■ **INFORMATION SHOWN**:
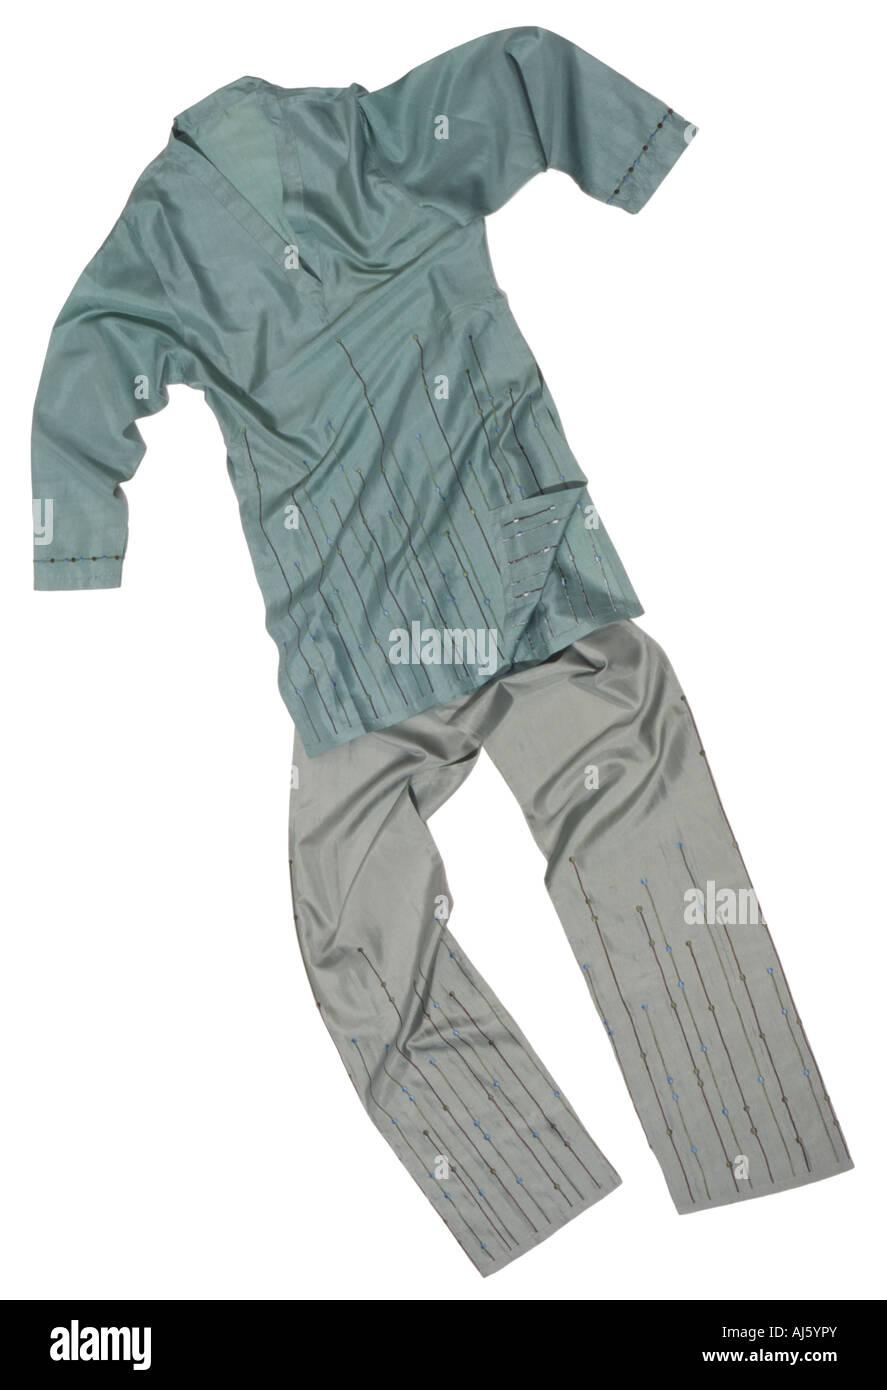 silk nightwear - Stock Image
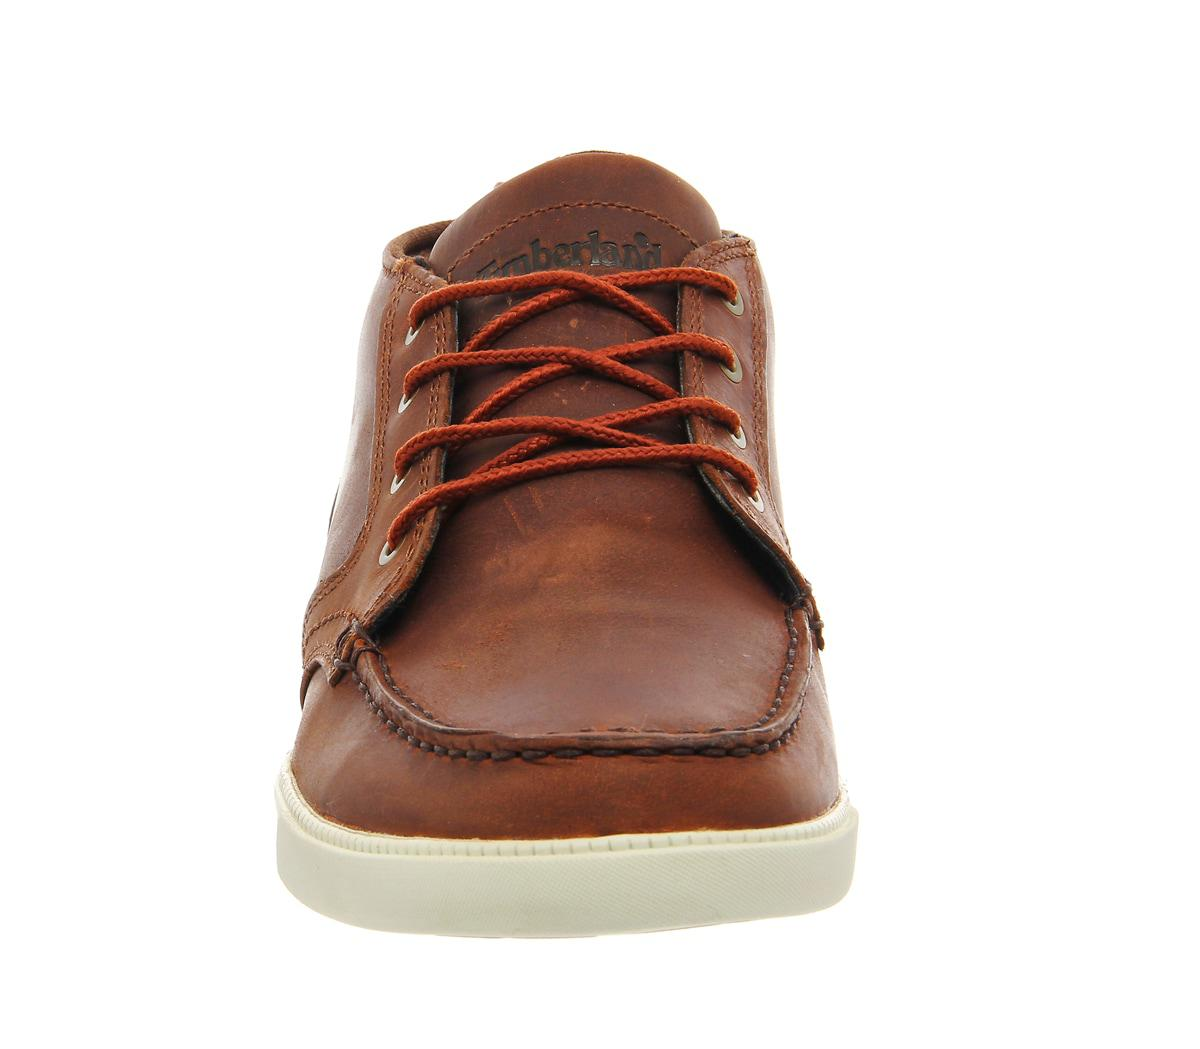 Timberland Brown Newmarket Fulk Lp Chukka Moc Toe for men
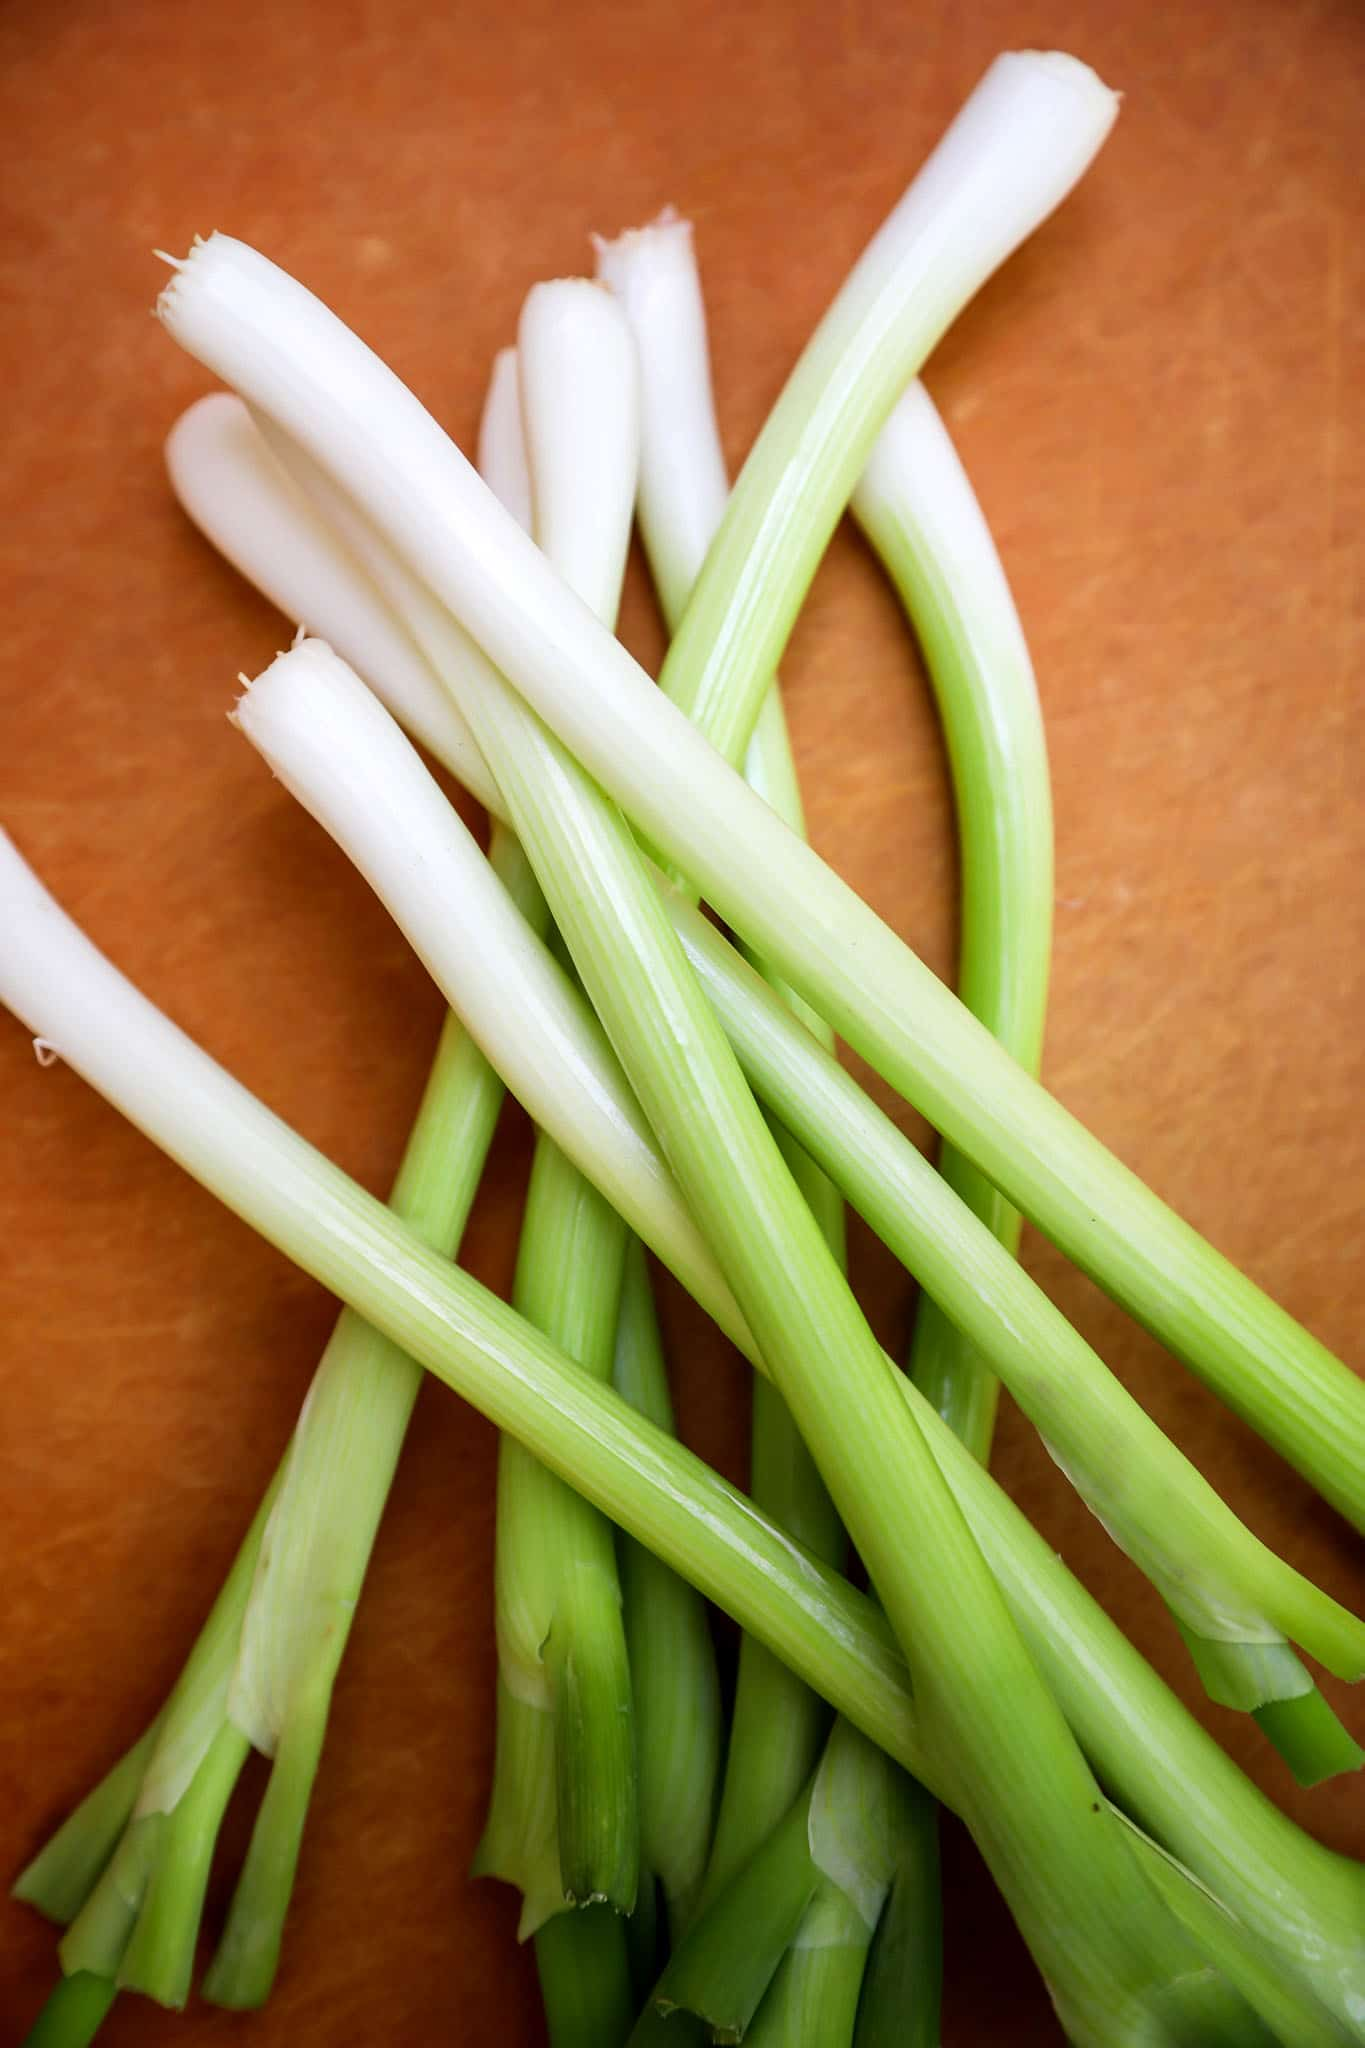 Scallions_vs_Green_Onions_3

■ **DIRECTIONS FOR THIS TASK**: In the copy, include no pictures; everything else in the material should be written out exactly.

■ **WRITTEN ANSWER**:
 silk nightwear - Stock Image
 Timberland Brown Newmarket Fulk Lp Chukka Moc Toe for men
 Scallions_vs_Green_Onions_3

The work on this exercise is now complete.